Task details: In your reply, print every line of the listing exactly and omit all images.

The data:
------------------------------------------------------------------------

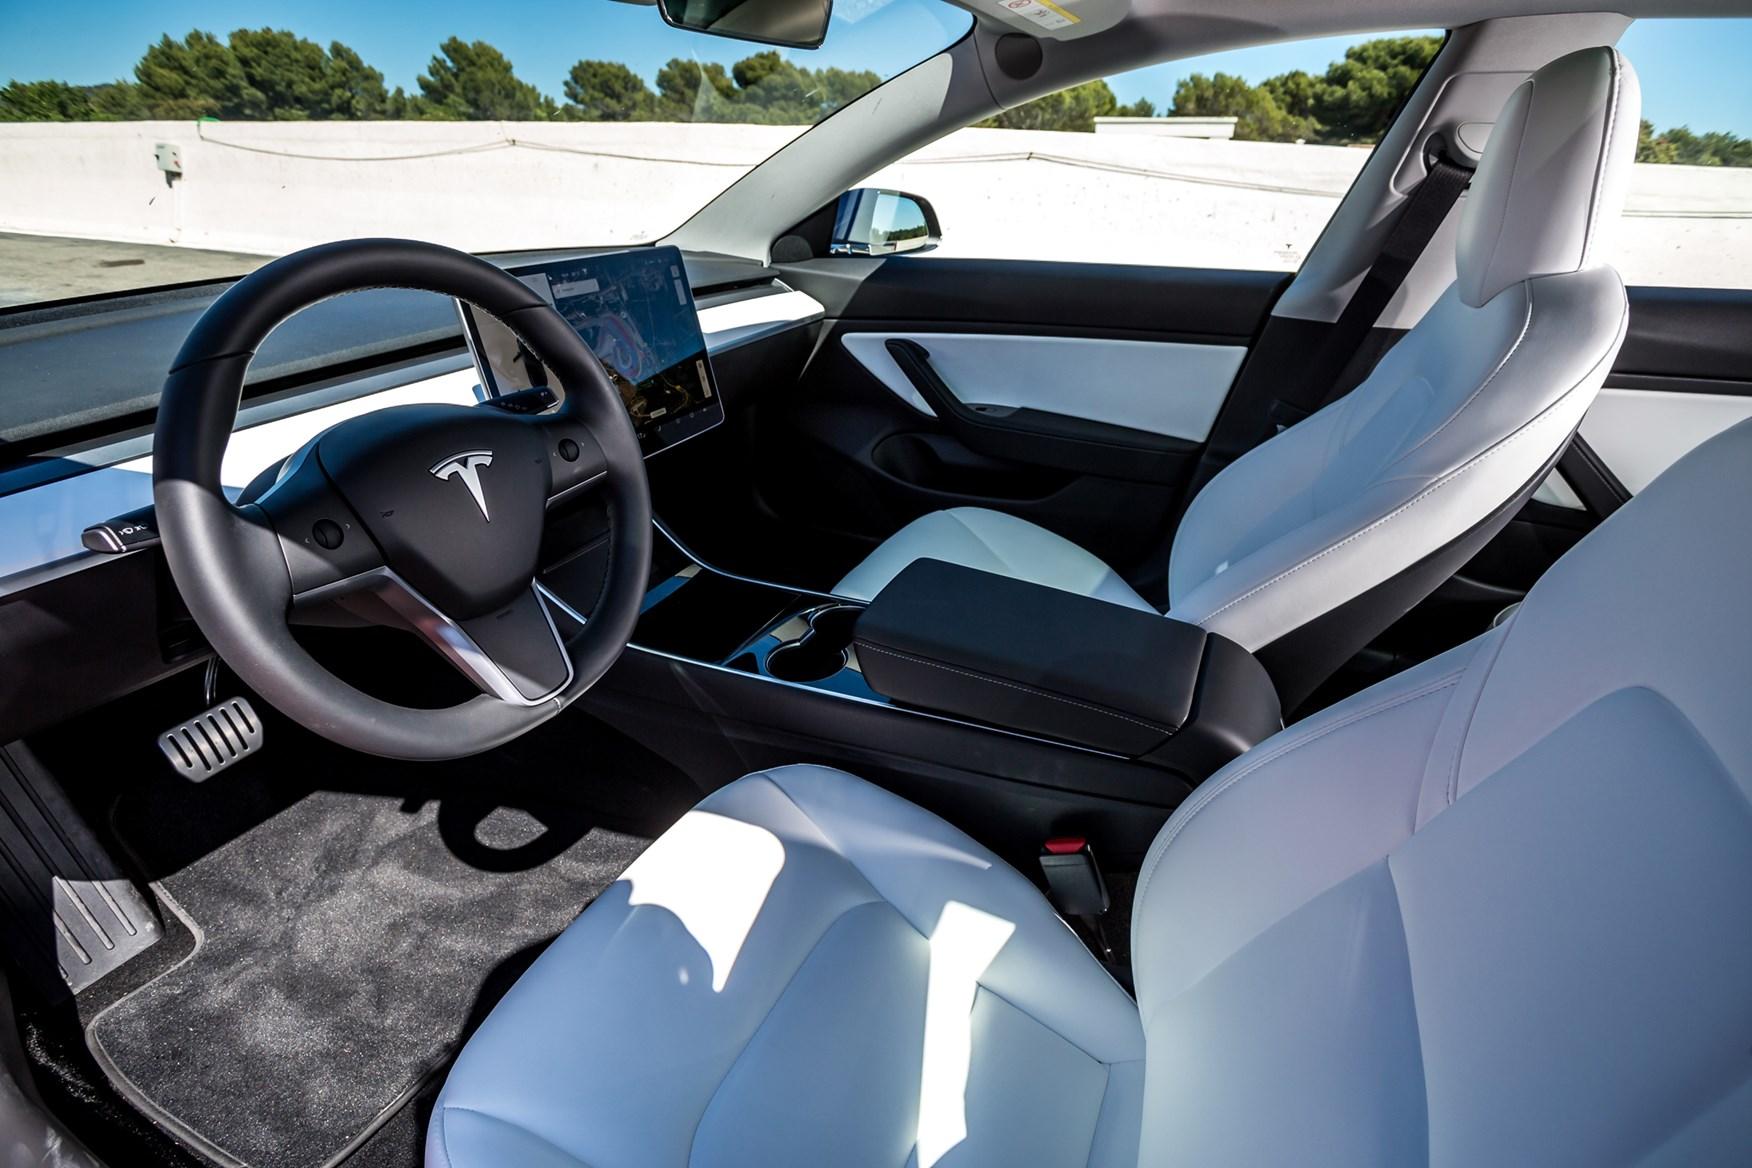 Tesla Model 3 (2019) Engines, Drive & Performance | Parkers
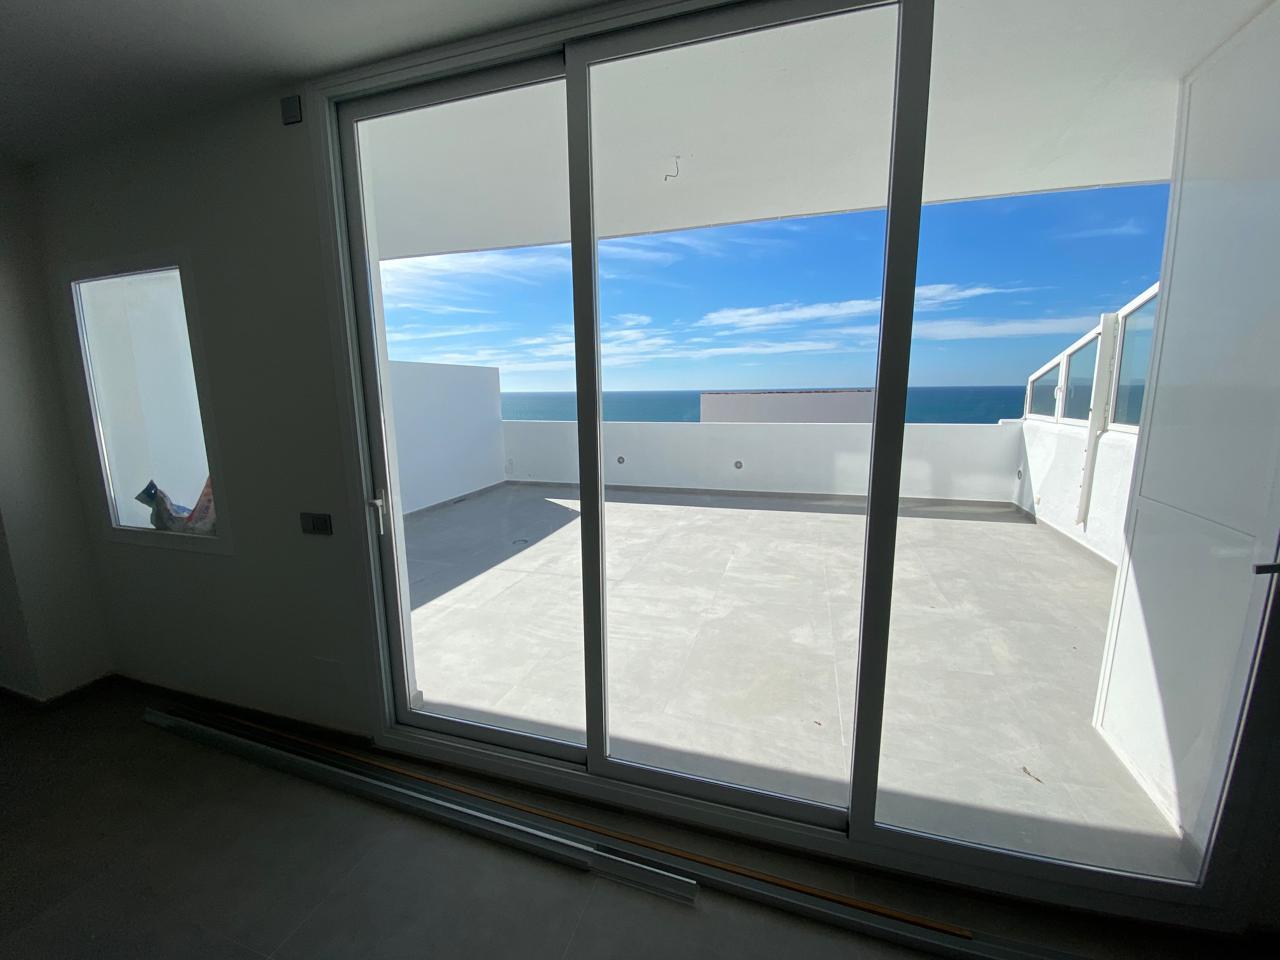 pisos en estepona · calle-capri-29693 695000€
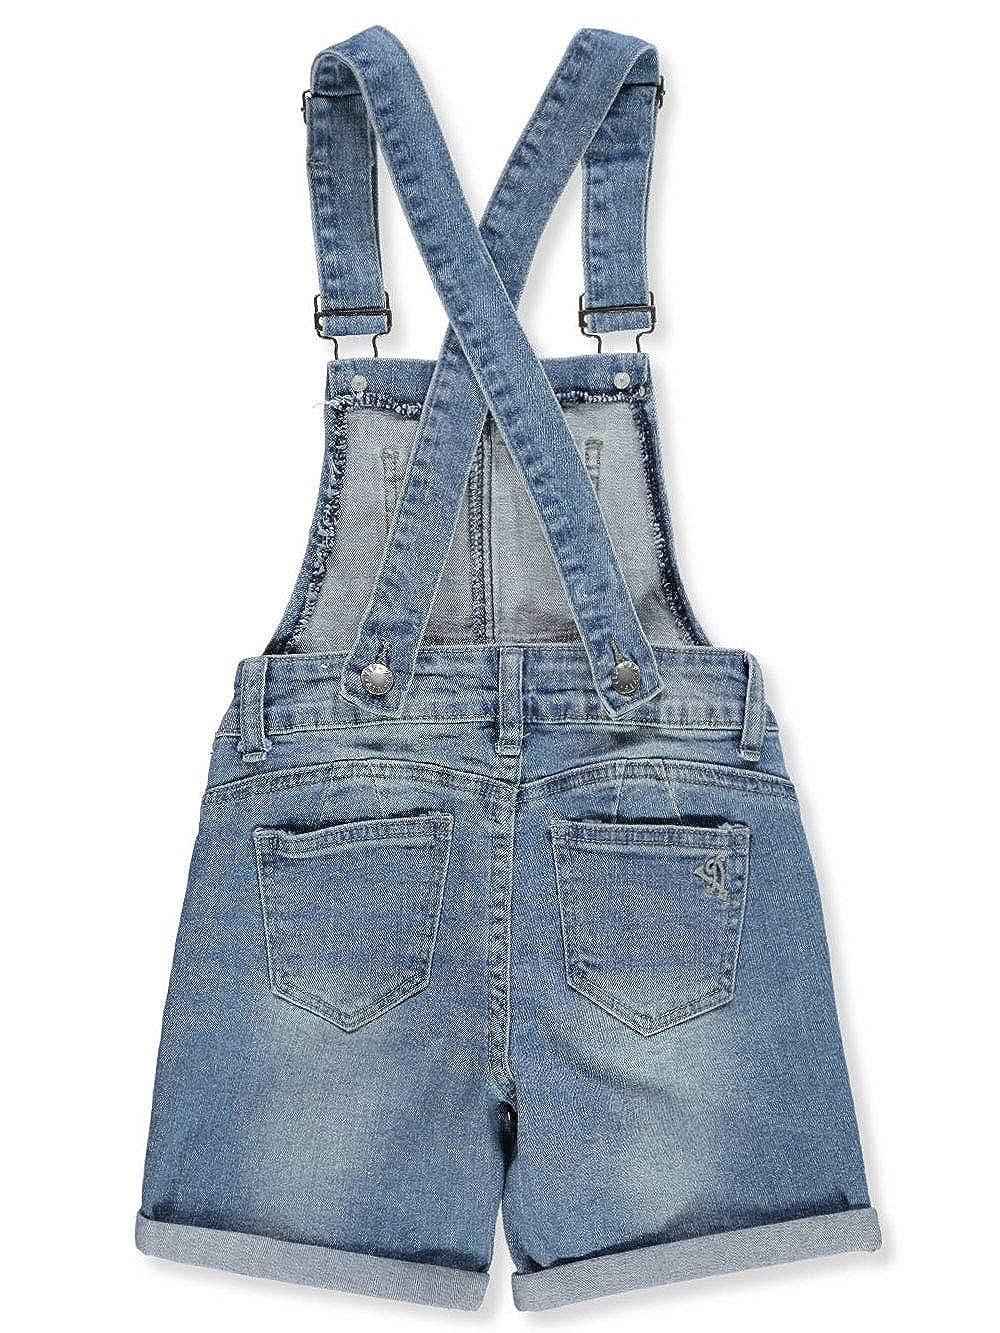 #VIP Jeans Girls Denim Shortalls
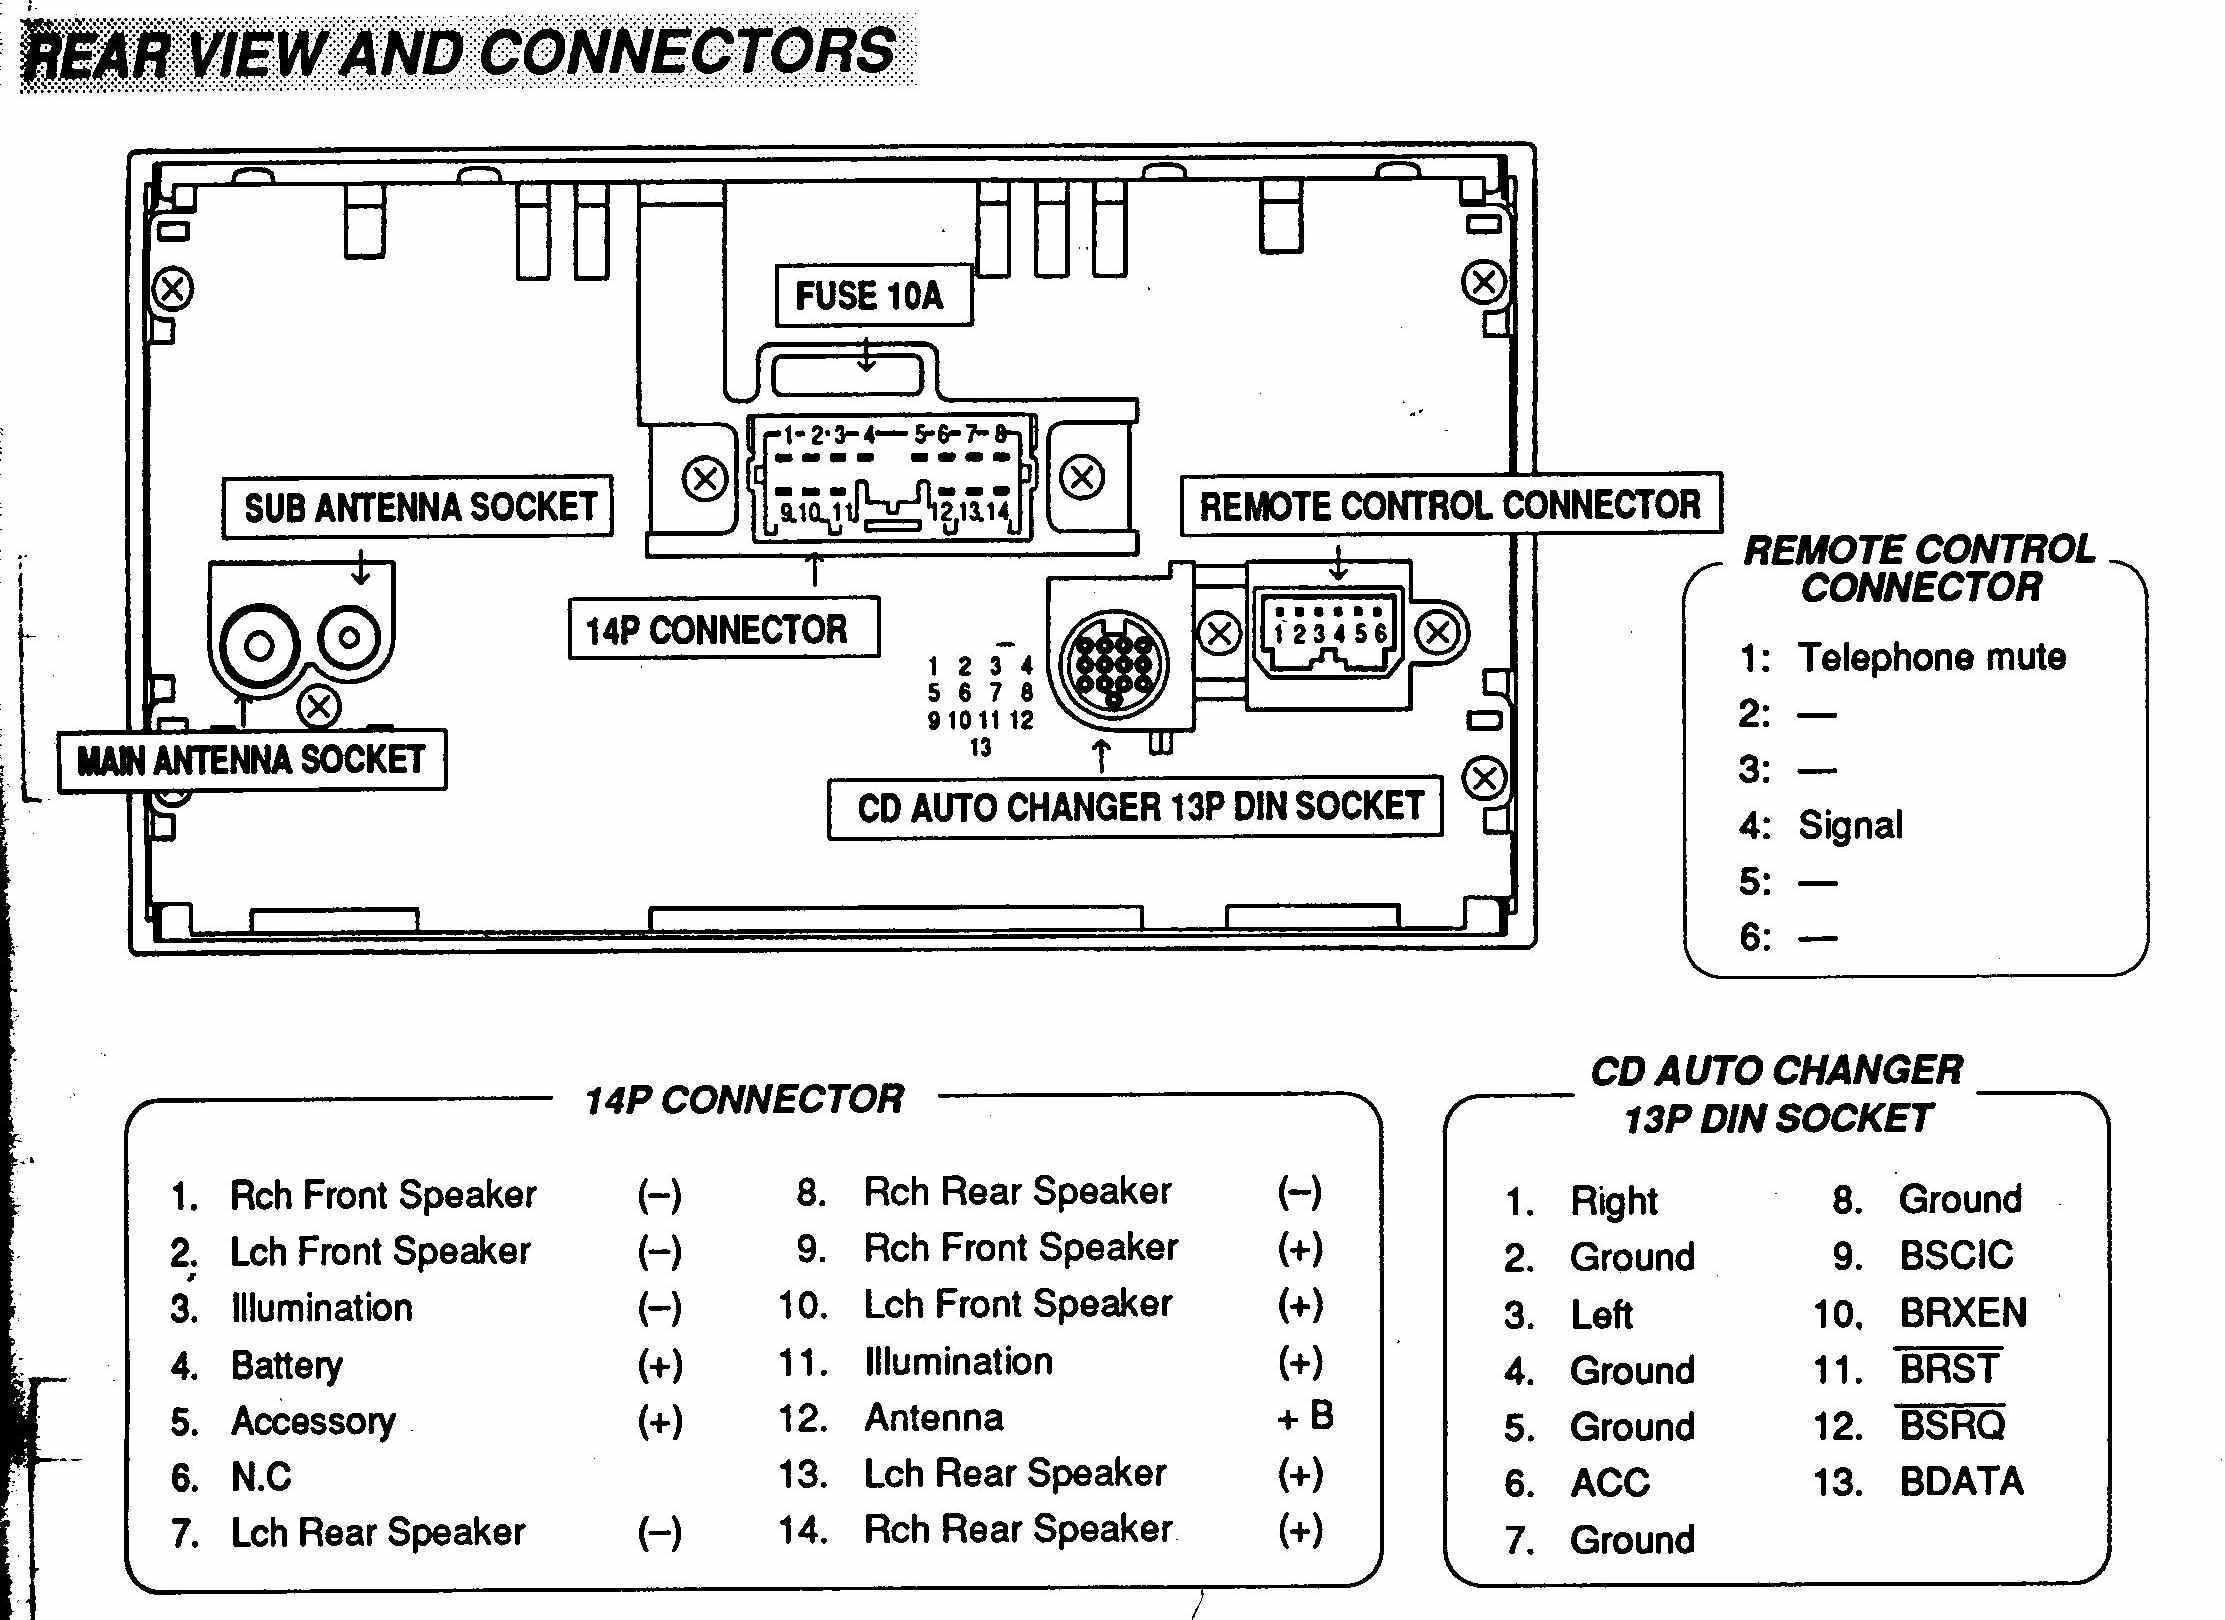 Sony Car Stereo Wiring Diagram Nakamichi Car Stereo Wiring Diagram Fresh sony Audio Beautiful Afif Of Sony Car Stereo Wiring Diagram

------------------------------------------------------------------------

Response:
 Tesla Model 3 (2019) Engines, Drive & Performance | Parkers
 pisos en estepona · calle-capri-29693 695000€
 #VIP Jeans Girls Denim Shortalls
 Sony Car Stereo Wiring Diagram Nakamichi Car Stereo Wiring Diagram Fresh sony Audio Beautiful Afif Of Sony Car Stereo Wiring Diagram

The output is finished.